Anche perché viene seguito da una dichiarazione alla agenzia Reuters in cui i 5 Stelle rendono omaggio alle capacità del manager con il cranio glabro. Il timore di Travaglio&C. è che la battaglia sia persa. E così arriva quella che nelle intenzioni dovrebbe essere l' arma finale: una doppia pagina in cui si elencano punto per punto i dieci motivi che renderebbero impraticabile l' ipotesi di un Descalzi-bis.

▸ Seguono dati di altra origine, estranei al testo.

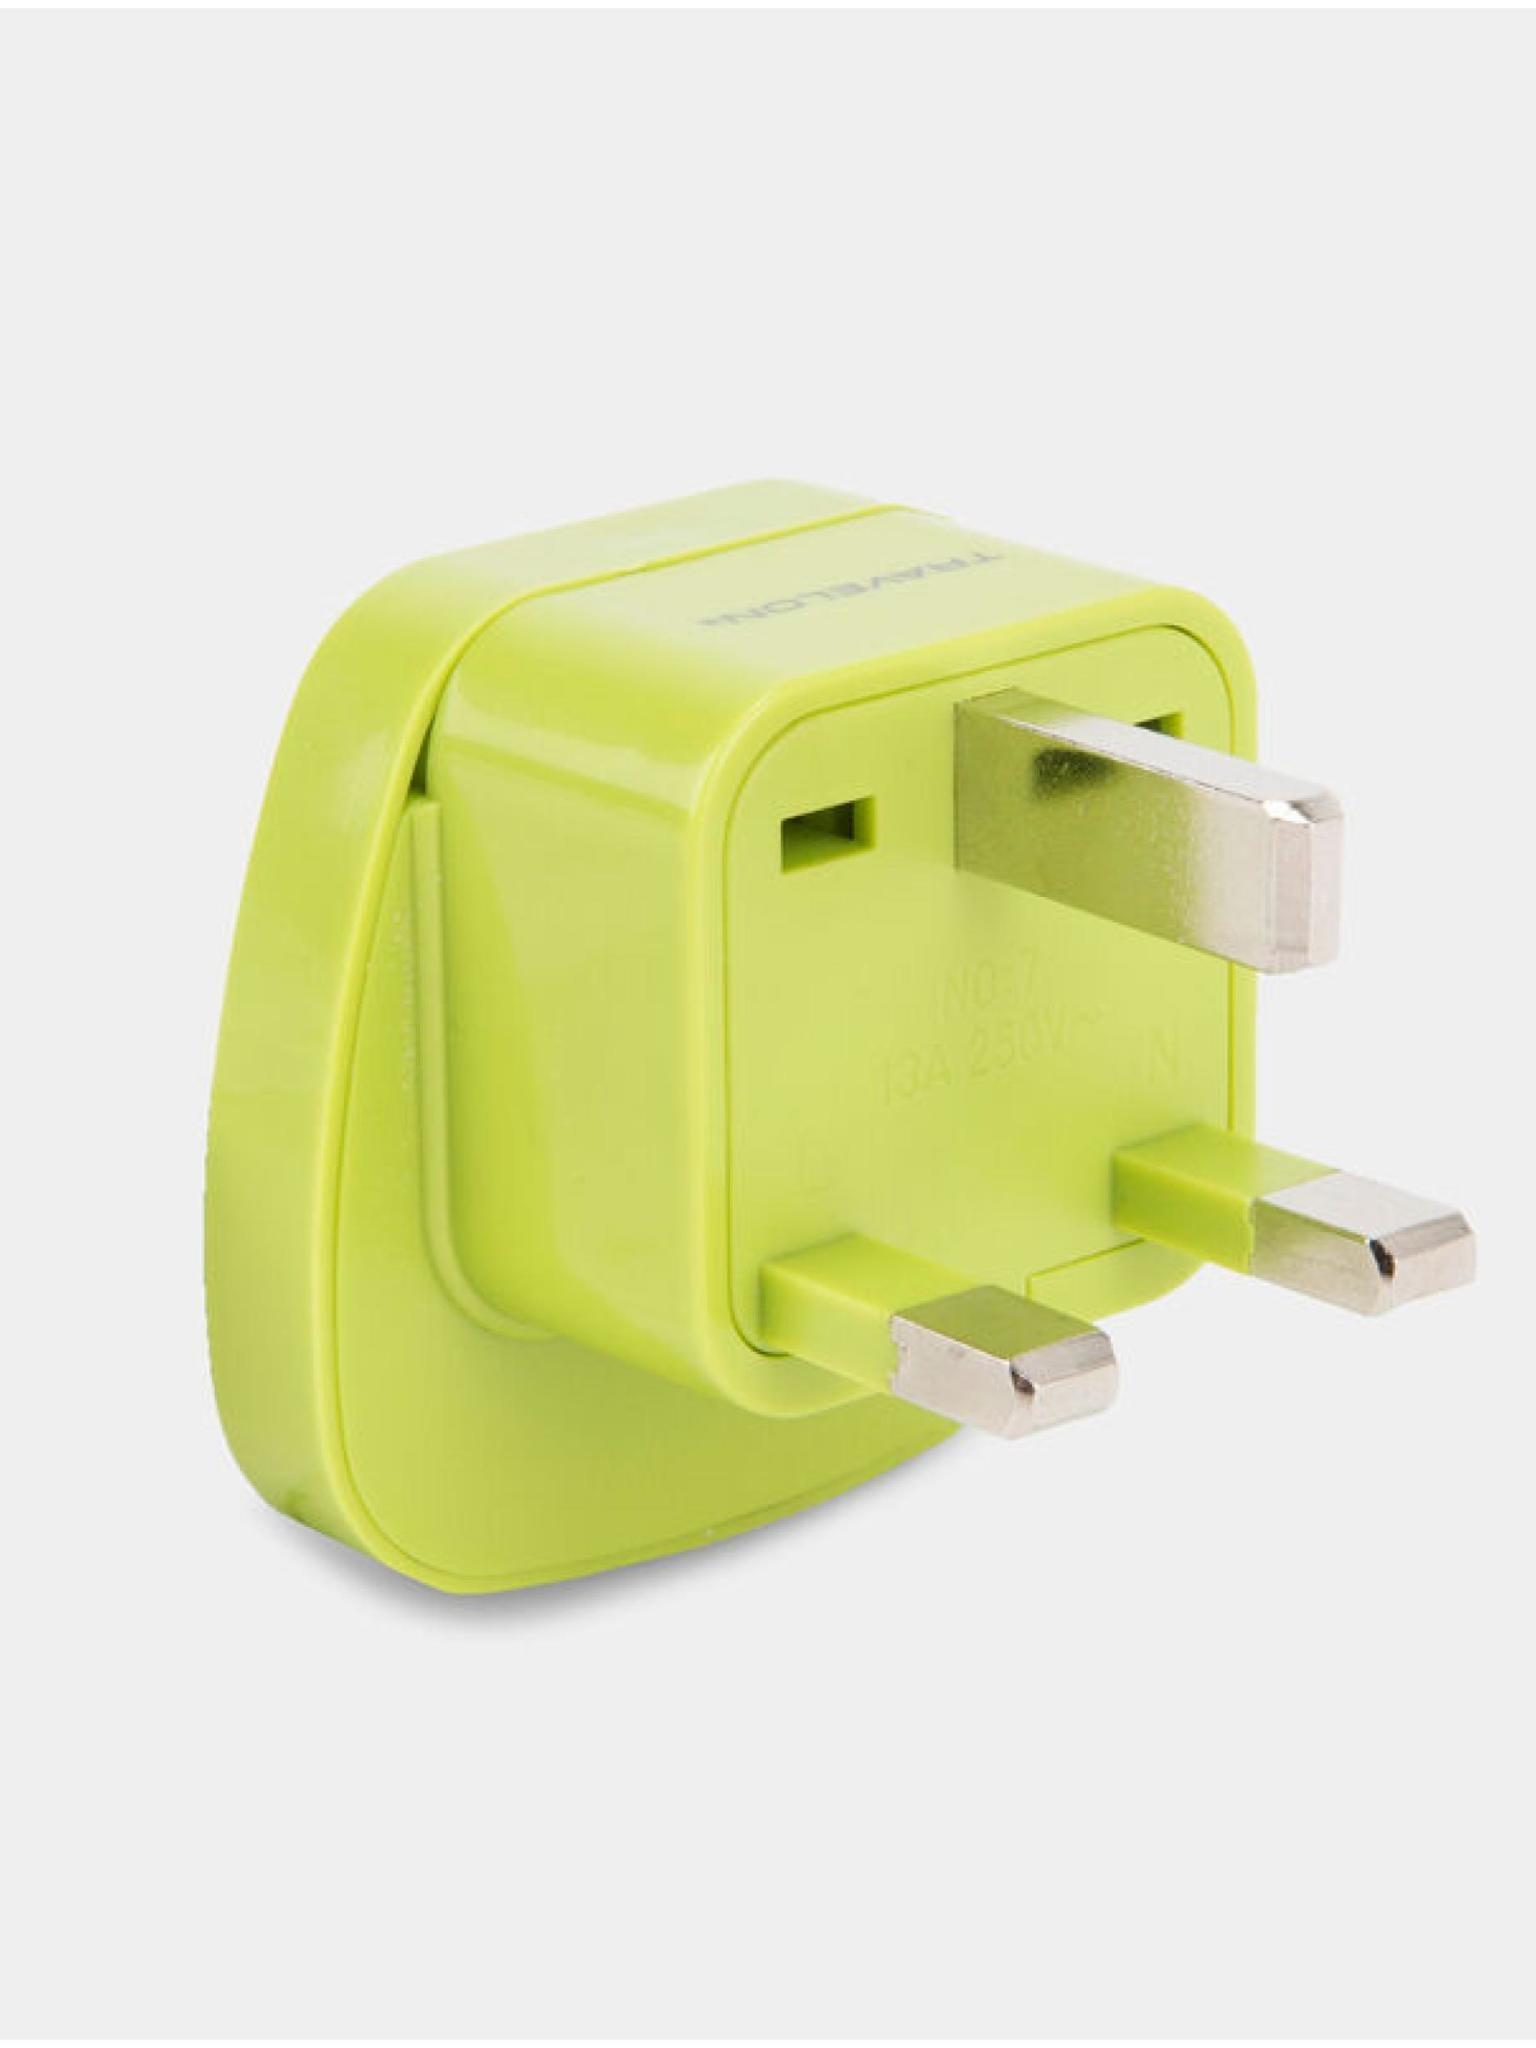 Travelon Grounded Power Adapter:  UK

Tutto normale, tutto lecito. A cosa servono i giornali se non a fare le pulci al potere? E che quello di Eni sia un Potere con la maiuscola, più forzuto e più efficiente di molti apparati dello Stato, è un dato di fatto. Certo, ci sarebbe da discutere sull' approccio del decalogo: che viene stilato secondo i dettami classici del Travaglio-pensiero, sottolineando gli elementi di accusa e minimizzando o omettendo del tutto i fatti a discarico.
Non una riga per dire che tutte le volte che le accuse della Procura di Milano sulle presunte mazzette di Eni sono arrivate al vaglio di un tribunale ne sono uscite a pezzi. Non un accenno all' andamento non proprio lusinghiero per l' accusa del processo in corso contro Descalzi per le tangenti in Nigeria, con il pm De Pasquale che all' ultima udienza secondo il Corriere della sera esce «tramortito» da una testimonianza.

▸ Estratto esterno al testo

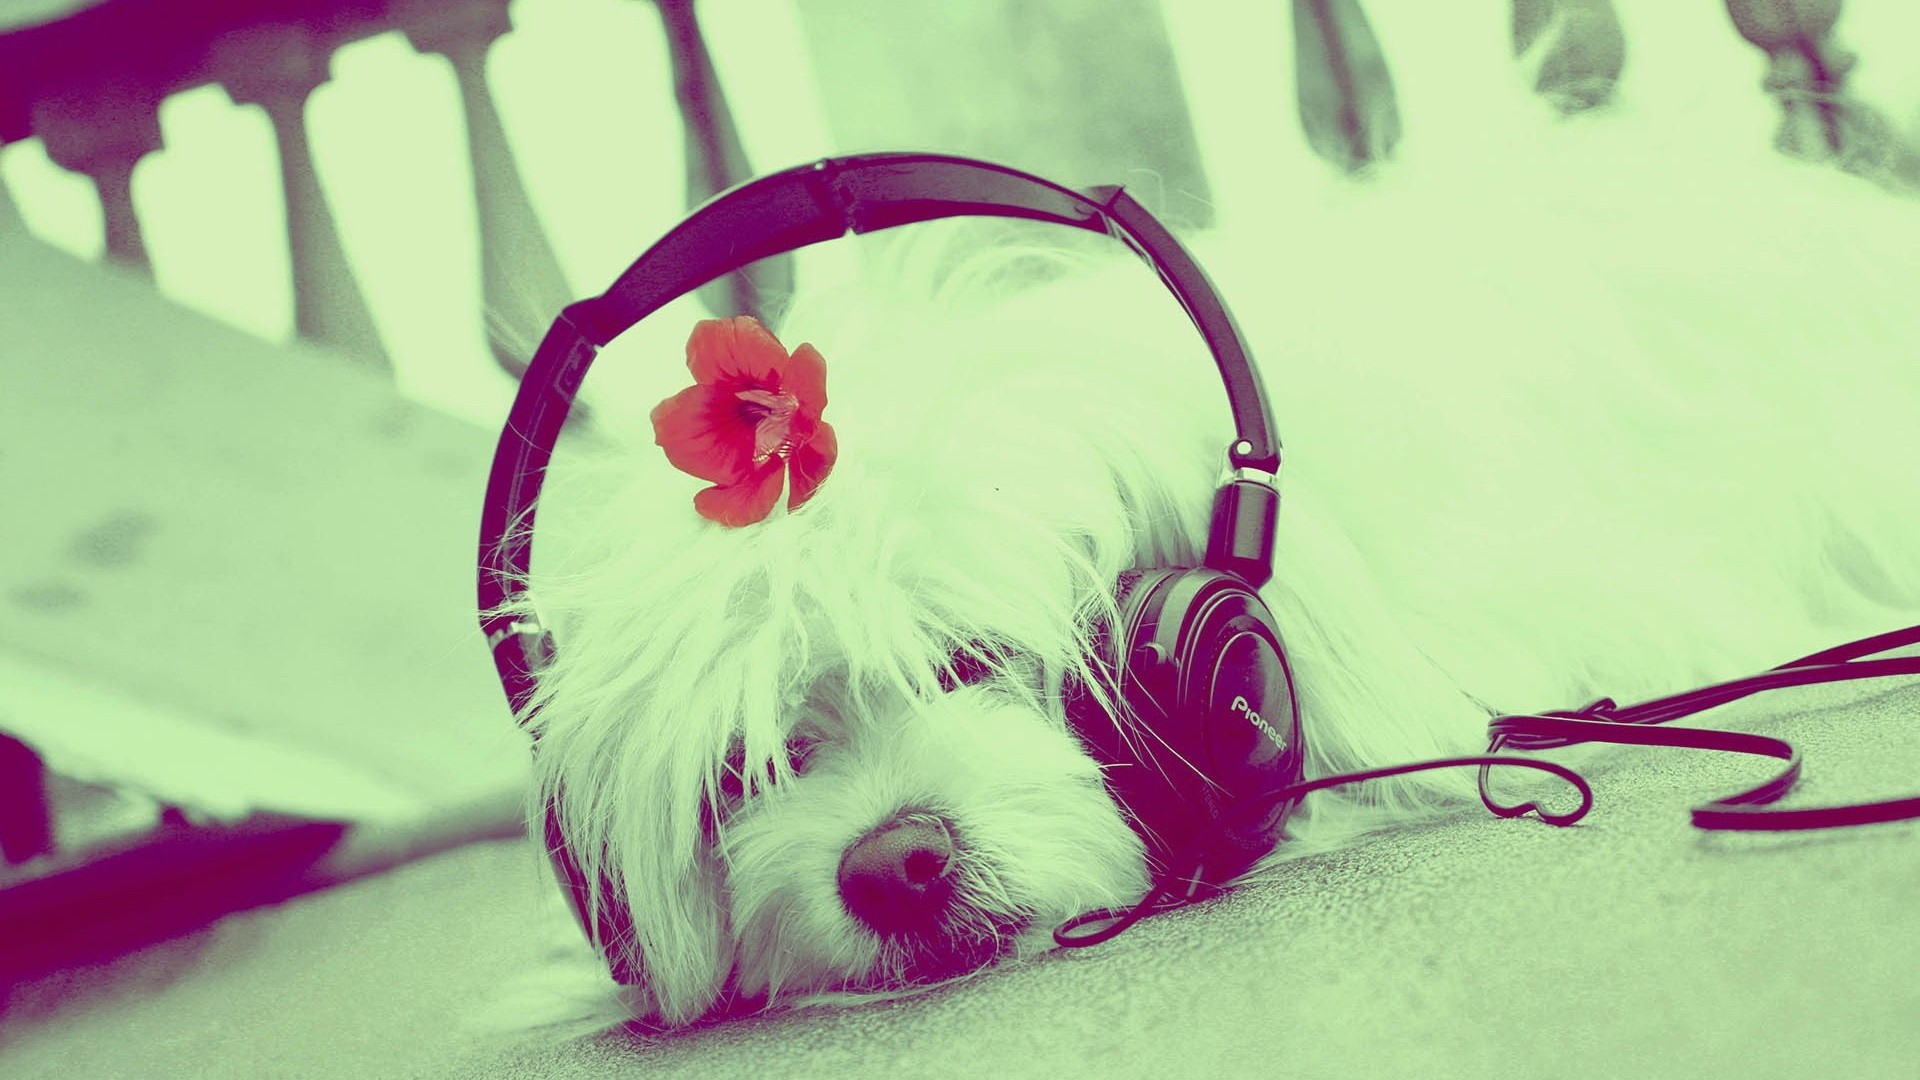 Cute Music Image

E, soprattutto, neanche in una parentesi si dice che il grande accusatore sul complotto che l' Eni di Descalzi avrebbe ordito ai danni della Procura di Milano, l' avvocato Pietro Amara, è un signore condannato per corruzione in via definitiva, portato in carcere pochi giorni fa e uscito solo grazie alla sentenza della Corte Costituzionale sullo spazzacorrotti (la stessa sentenza che ha indignato il Fatto per altri miracolati).
Una sola, delle dieci accuse lanciate dal Fatto, è un dato certo: le società della signora Descalzi. Infatti Eni, nella sua replica, non ne fa cenno. Ma il tema del conflitto di interessi è a doppio taglio. Gli articoli più ficcanti contro Descalzi portano la firma di Stefano Feltri, ex vicedirettore del Fatto, che dal 2019 lavora alla Chicago University presso lo Stigler Center, di cui dirige il blog ProMarket.
Chi è il capo dello Stigler? Luigi Zingales, ex consigliere di amministrazione di Eni, il grande accusatore di Descalzi che i contestatori vorrebbero al posto del supermanager. Per la Procura di Milano Zingales è la vittima del complotto di Eni, il suo dipendente Feltri tiene a galla mediatamente l' accusa, il cerchio si chiude.
Tutto normale? E gli amici americani di Feltri sono gli stessi che gli hanno aperto le porte dell' odiata Bilderberg, il club dei banchieri e degli economisti «reazionari», sollevando lo stupore dei collaboratori del Fatto?